Venture also boasted of its strong financial resources, saying it has $761.8 million in cash and bank balances as of June 30 which will allow it to capture growth opportunities as and when necessary.
“Amid the headwinds, Venture will remain vigilant, agile to adapt and relentless in its pursuit of excellence,” it adds.
So will Venture see a brighter 3Q19? Based on the seven “buy”, one “hold” and two “sell” according to Bloomberg data, analysts seem confident Venture will ride out this difficult period.
In an Aug 13 report, UOB Kay Hian analyst John Cheong says the cut in revenue guidance by client Illumina, did not seem to have a major impact on Venture’s revenue. Cheong has upgraded the stock to a “buy” with a lower target of $17.70.
In a separate Aug 13 report, RHB Research analyst Jarick Seet is similarly bullish, upgrading the stock to a “buy” with a target price of $14.76. Seet expects Venture’s focus on its long-term strategy to pay off and although growth will still be tempered by the ongoing trade war, he expects higher contributions in 2H19 from customers won over past years.
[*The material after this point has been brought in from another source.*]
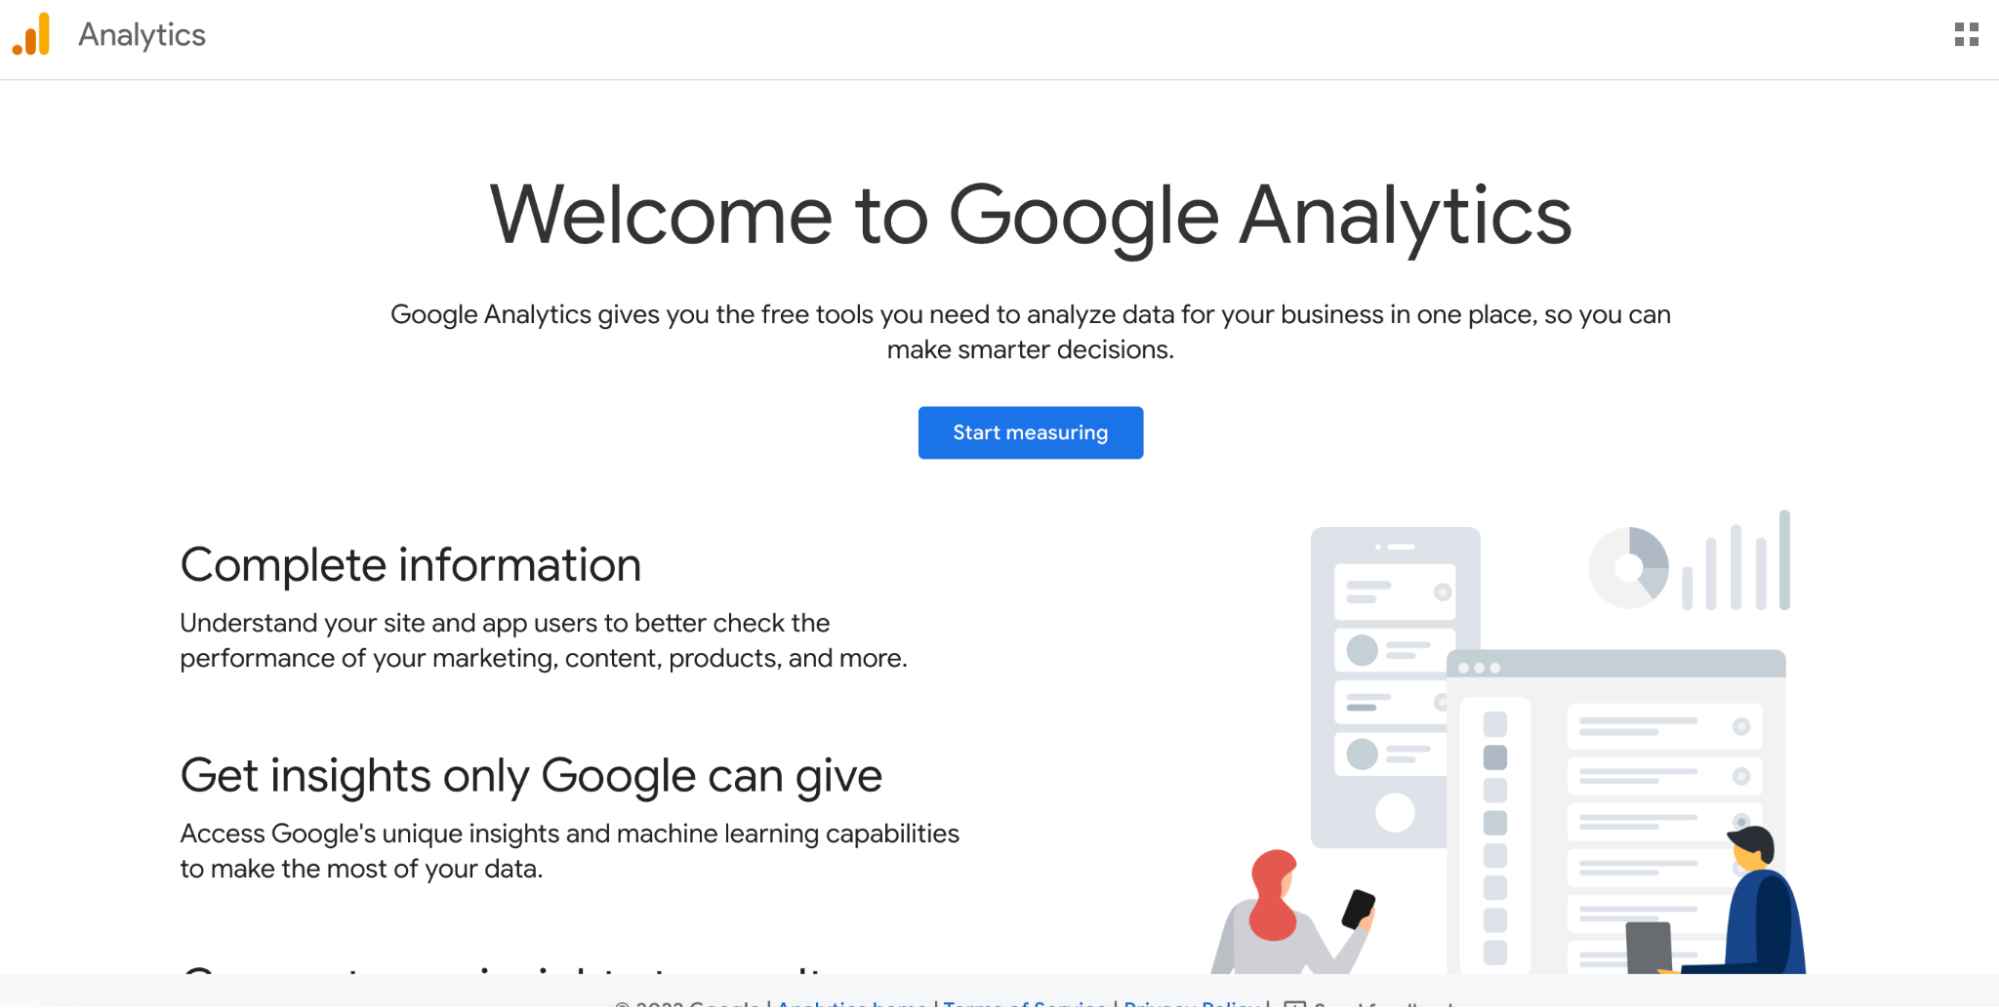 The homepage for Google Analytics

On the other hand, Maybank Kim Eng analyst Lai Gene Lih expects Venture to be a beneficiary of the trade war as only 2% of its sales are affected by tariffs. In an Aug 13 report, Lai is maintaining a “buy” with a target price of $19.74. Lai also remains confident about Venture’s exposure to megatrends such as genomics, food safety, air quality, 5G infrastructure and smart buildings through its customers such as Illumina, Thermo Fisher, Aglient, Keysight, Broadcom, Honeywell and ABB.
DBS Group Research analyst Lee Keng Ling is also maintaining Venture at a “buy” and a price target of $18.60. “We remain positive on VMS’s ability to monetise its unique offerings, know-how and hard-to-replicate ecosystems. It continues to build new differentiating capabilities to enhance its competitiveness,” says Lai in an Aug 13 report.
Lastly, Daiwa Capital Markets analyst Royston Tan is maintaining Venture at “outperform” with a target price of $17.90. “We believe its recent share price selldown amid trade-war concerns is overdone, as evident from its earnings resilience this quarter and see the current share-price weakness as a buying opportunity,” says Tan.
“Shares of Venture continue to trade at a steep discount vs. its international peers, which we deem as unwarranted given what we see as the company’s superior earnings generation profile, and we expect a gradual re-rating of the shares in 2H19,” he adds.
As at 12.37pm, shares in Venture are up 20 cents at $15.48.